* Task description *
Please, without any pictures, set down exactly the part of the listing below that opens with the line containing "BMW X5 2002 E53 Workshop Manual 47" and closes with the line containing "woman on a walking".

* Excerpted records *
··········

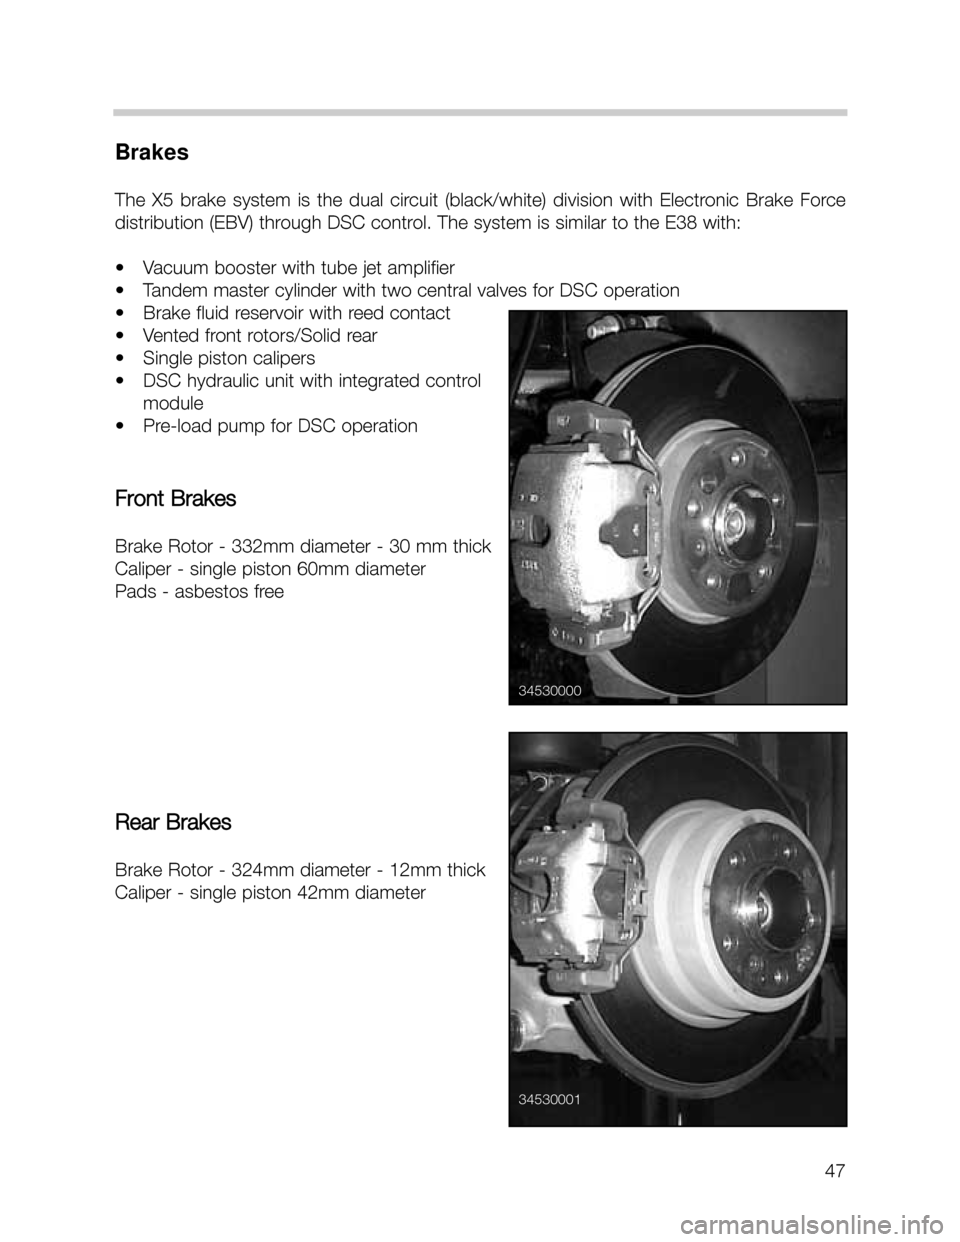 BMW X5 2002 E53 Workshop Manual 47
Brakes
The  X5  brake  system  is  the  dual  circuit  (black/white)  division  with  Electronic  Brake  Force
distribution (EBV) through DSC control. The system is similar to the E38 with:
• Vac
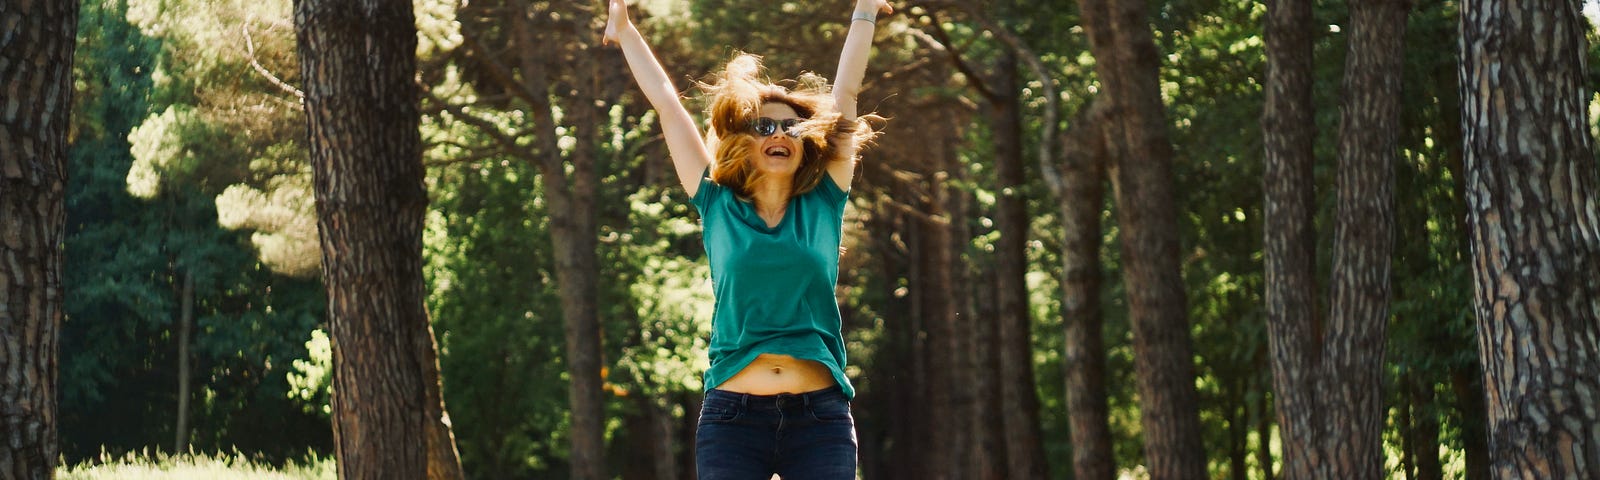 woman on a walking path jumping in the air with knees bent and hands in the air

··········

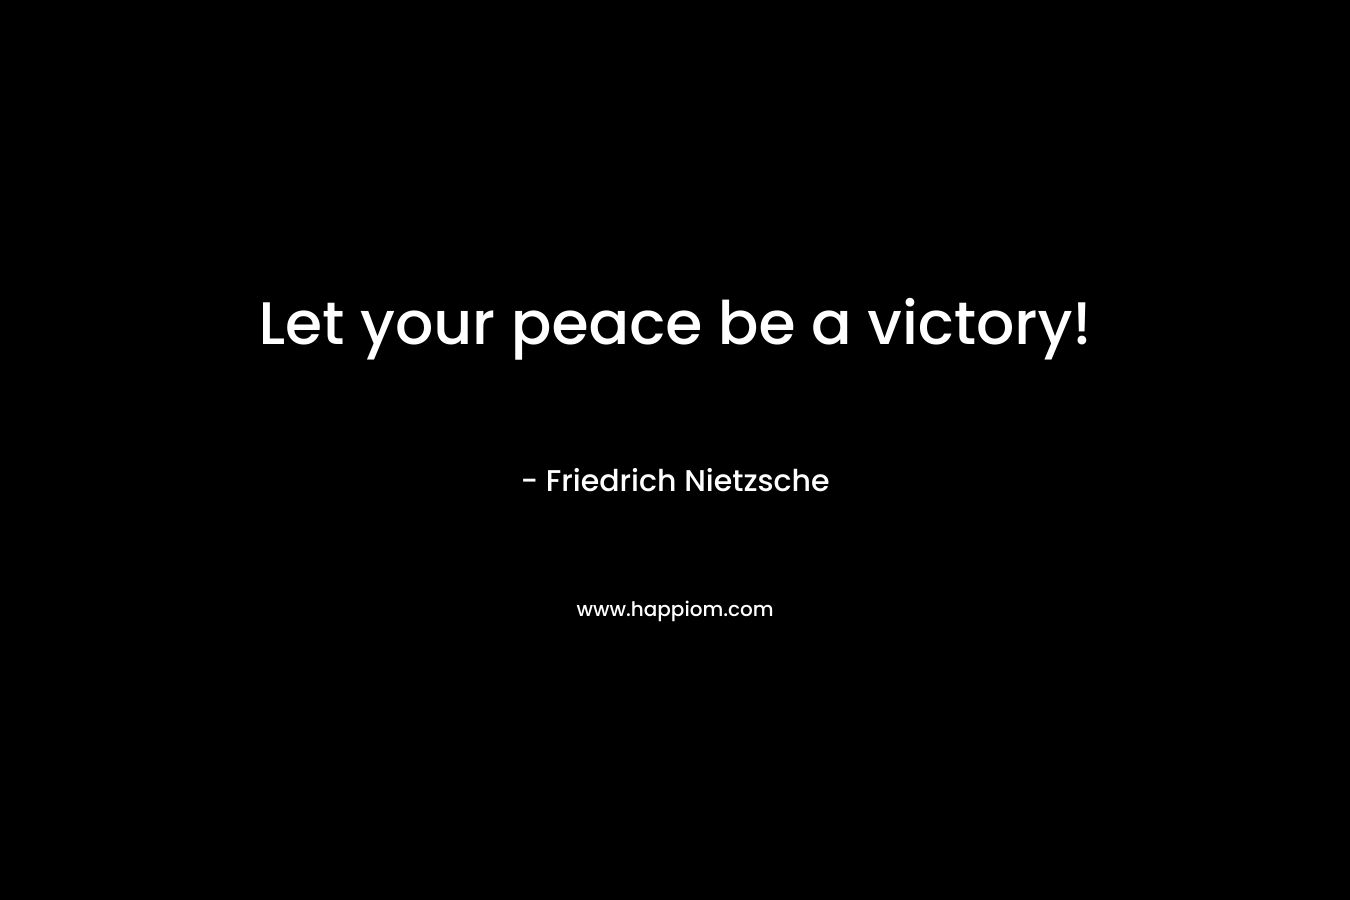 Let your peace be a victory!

··········

* Written answer *
 BMW X5 2002 E53 Workshop Manual 47
Brakes
The  X5  brake  system  is  the  dual  circuit  (black/white)  division  with  Electronic  Brake  Force
distribution (EBV) through DSC control. The system is similar to the E38 with:
• Vac
 woman on a walking path jumping in the air with knees bent and hands in the air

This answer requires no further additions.